**Assignment**
Setting aside any pictures, reproduce the data exactly.

**Given data**
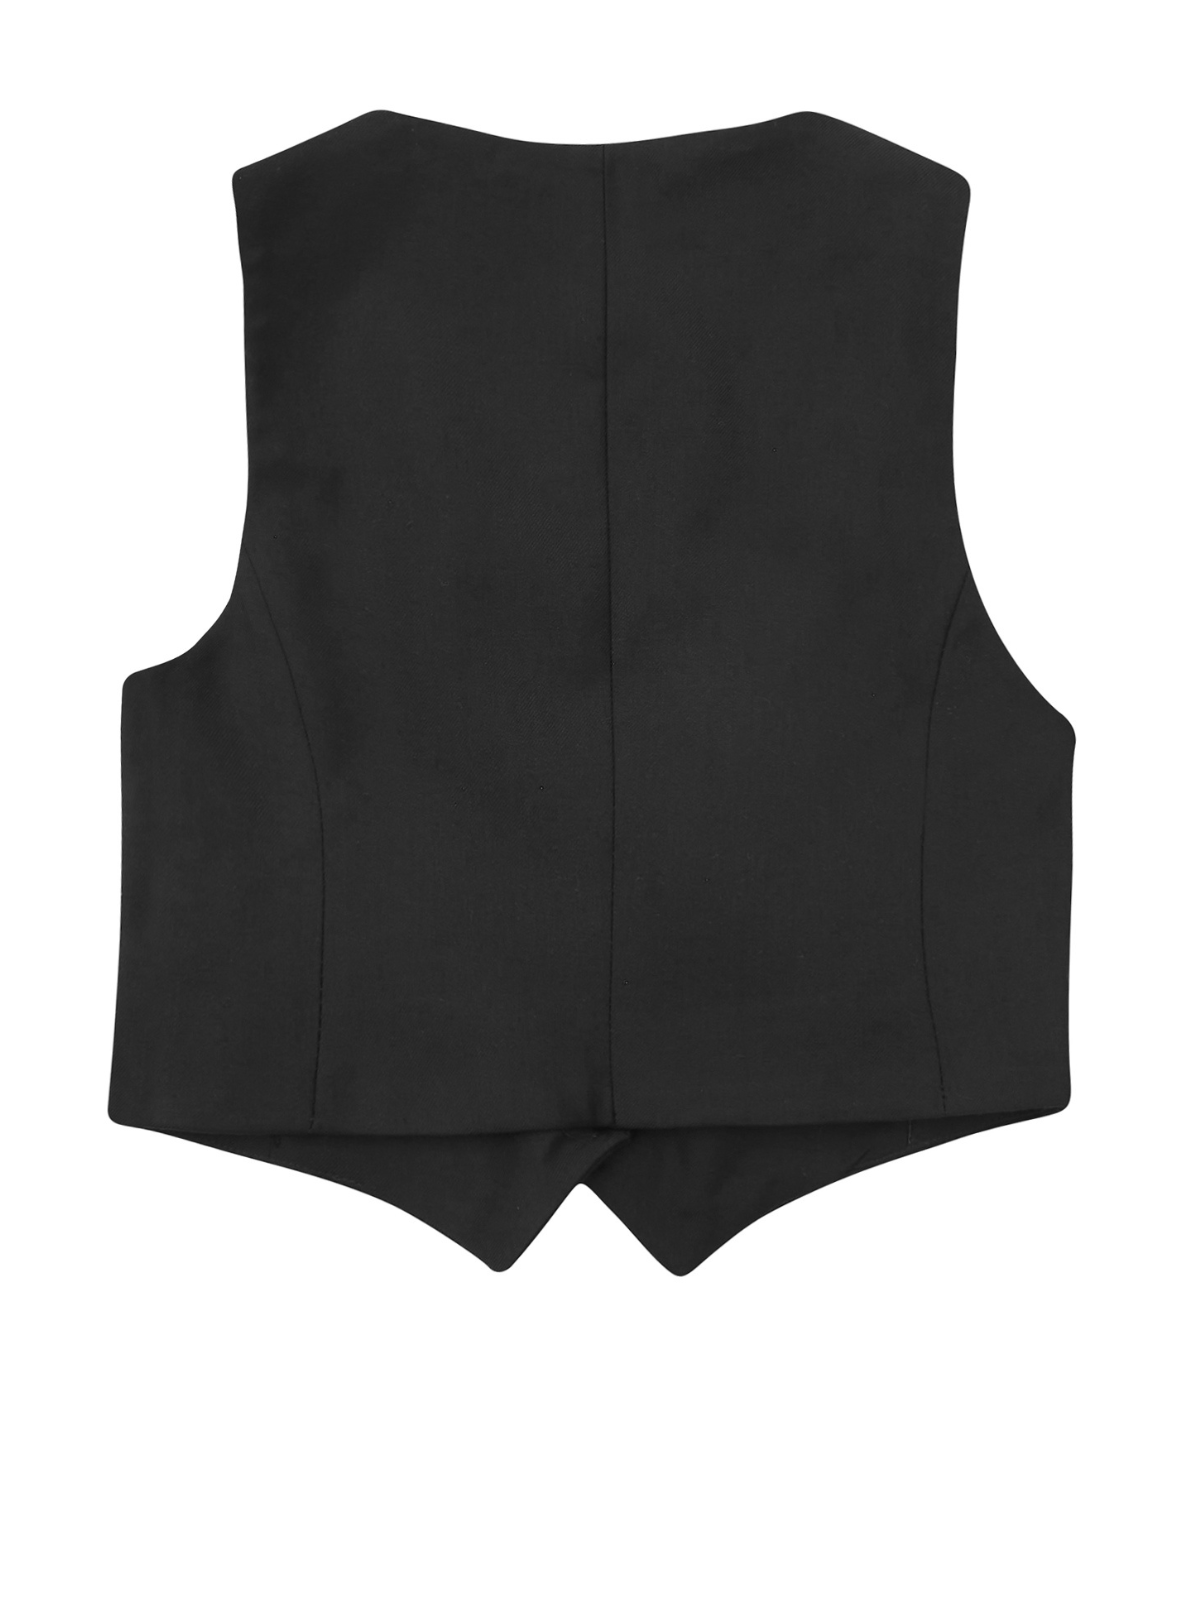 Classic Black Girls Bow Pin Vest by Kids Couture
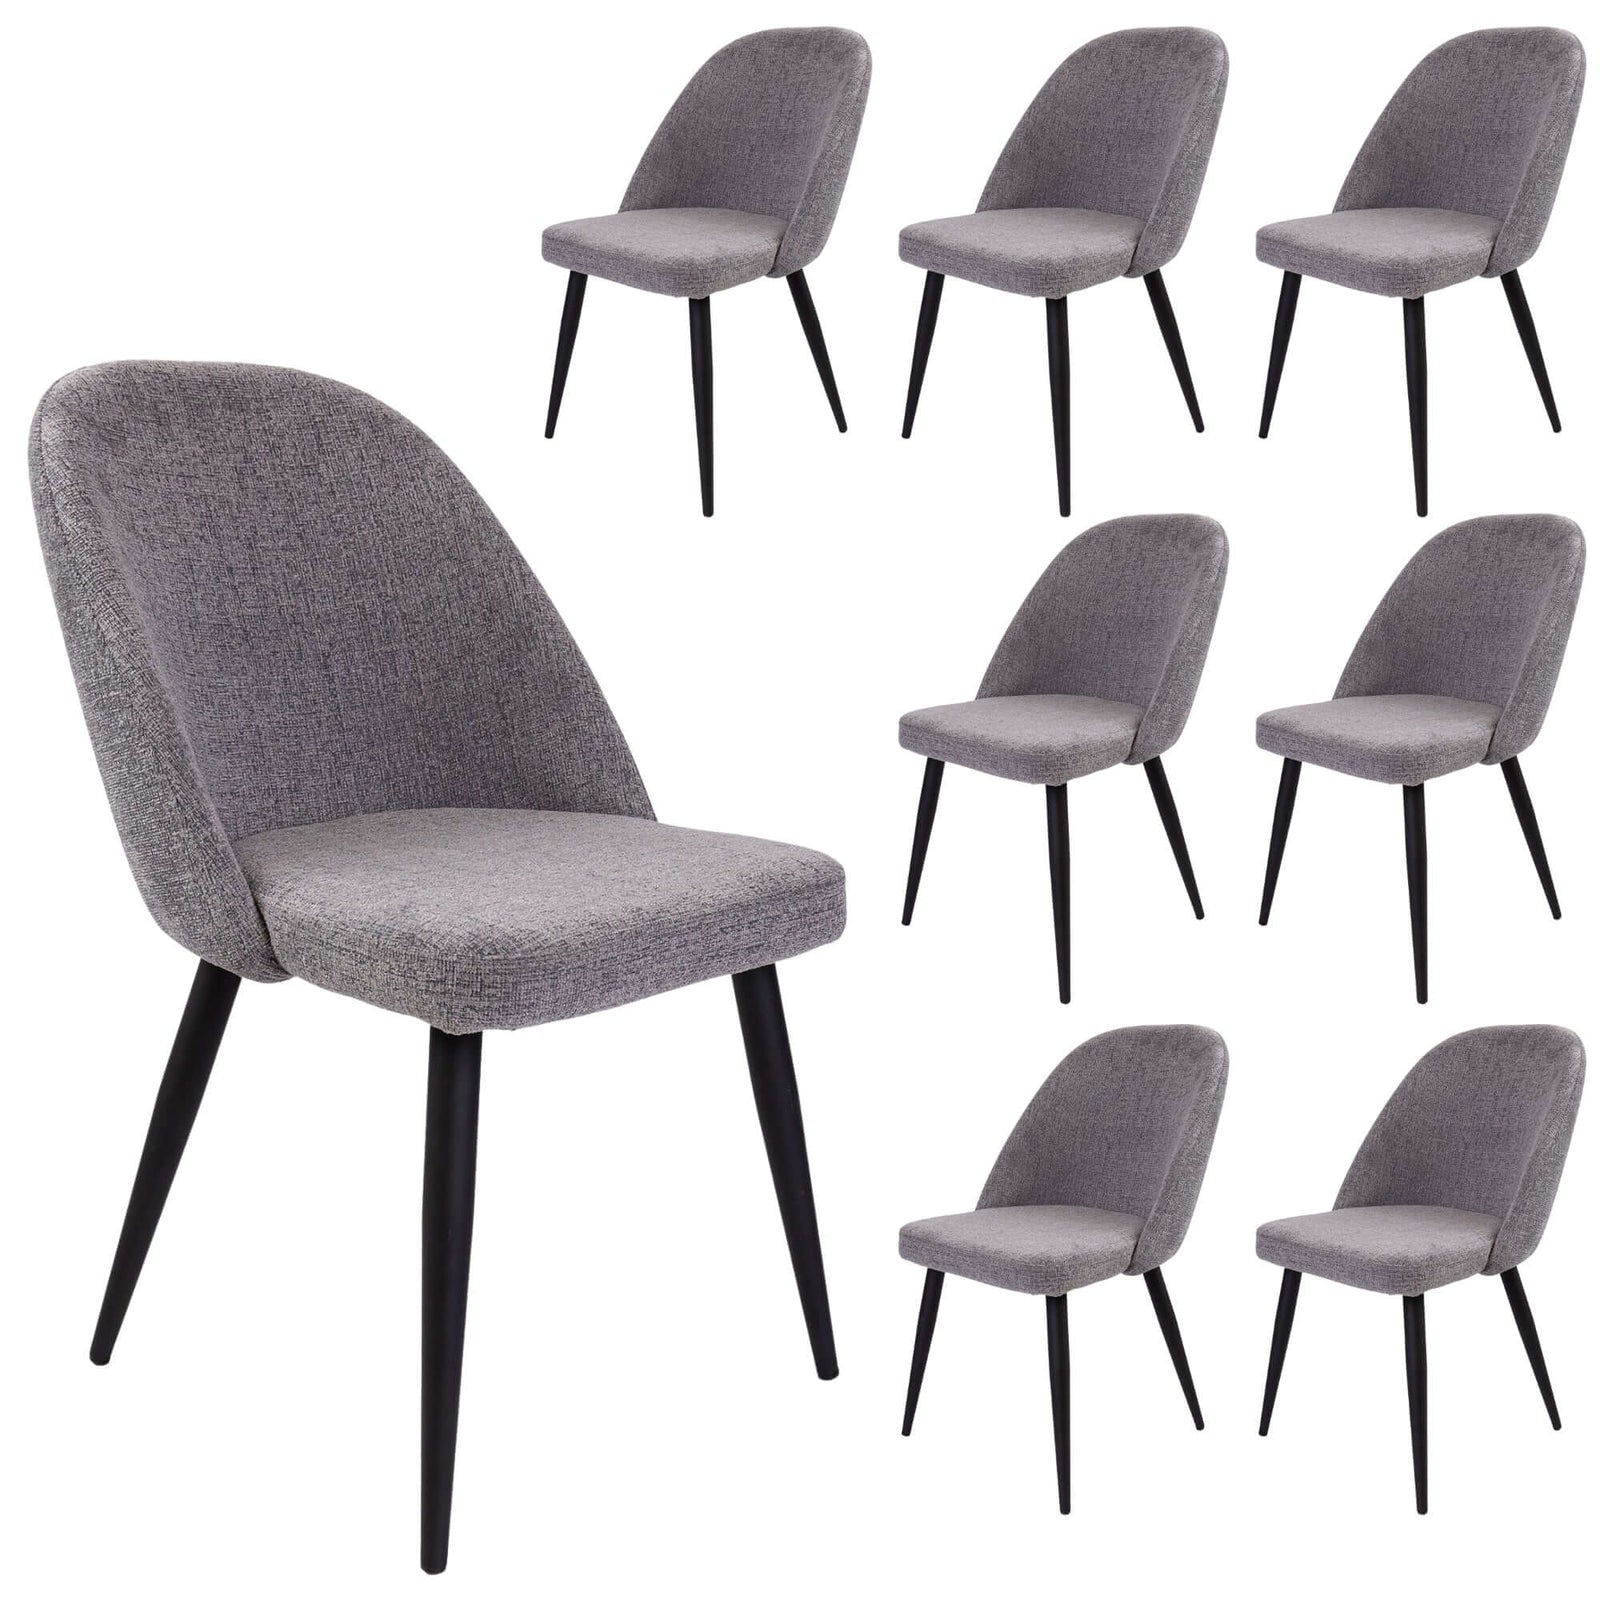 Erin Dining Chair Set of 8 Fabric Seat with Metal Frame - Fog-Upinteriors
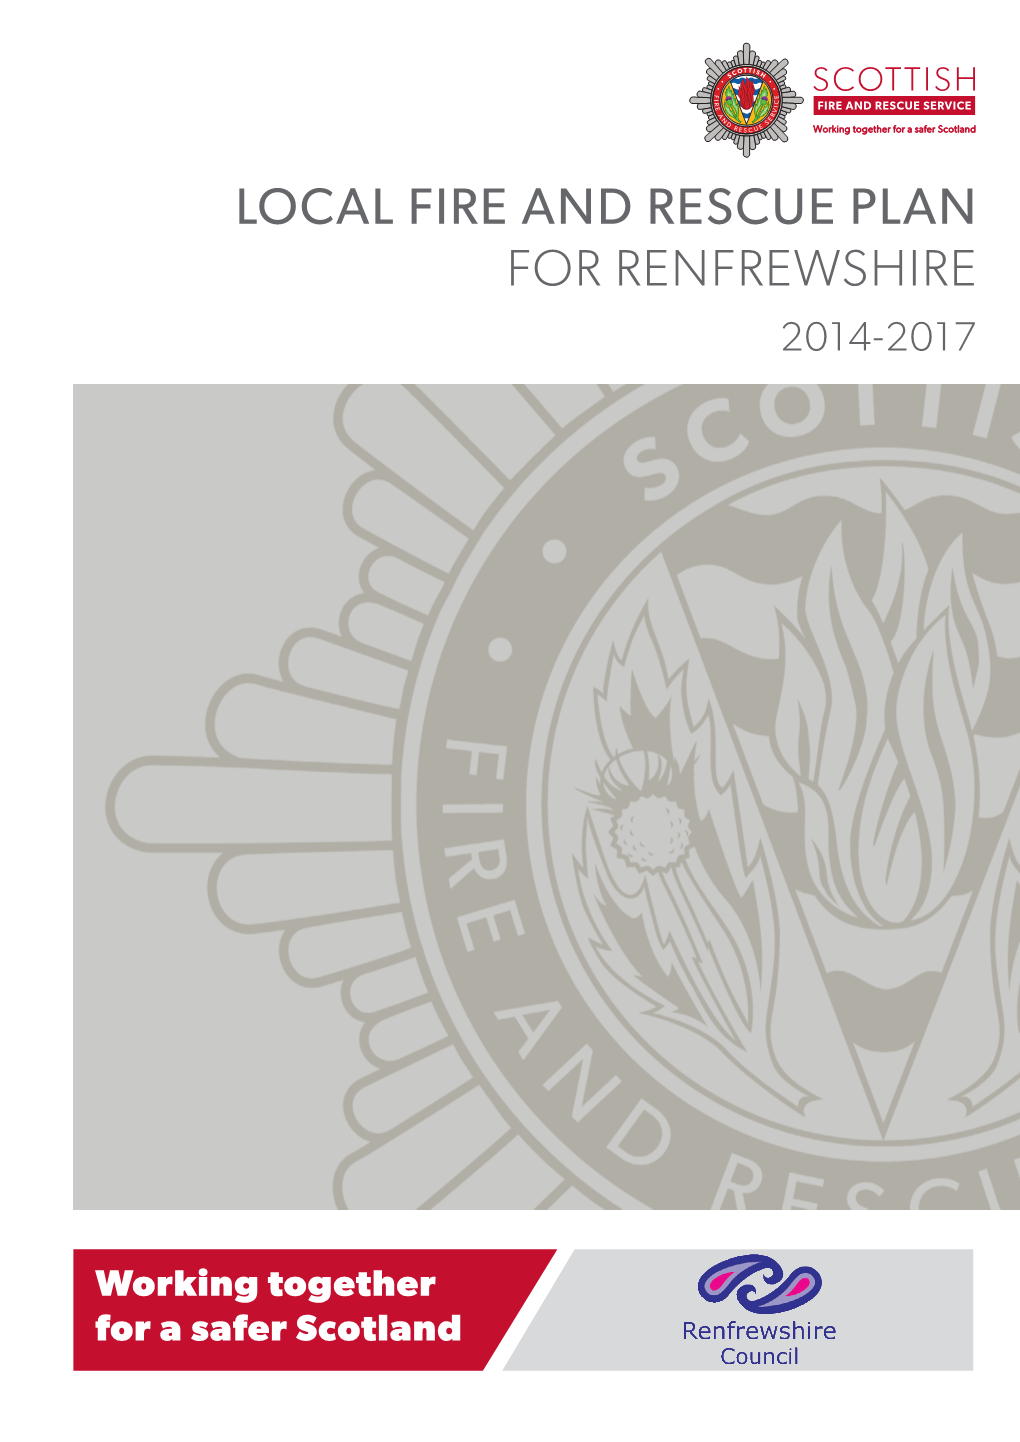 Local Fire and Rescue Plan for Renfrewshire 2014-2017

**Result for this exercise**
 Classic Black Girls Bow Pin Vest by Kids Couture
 Erin Dining Chair Set of 8 Fabric Seat with Metal Frame - Fog-Upinteriors
 Local Fire and Rescue Plan for Renfrewshire 2014-2017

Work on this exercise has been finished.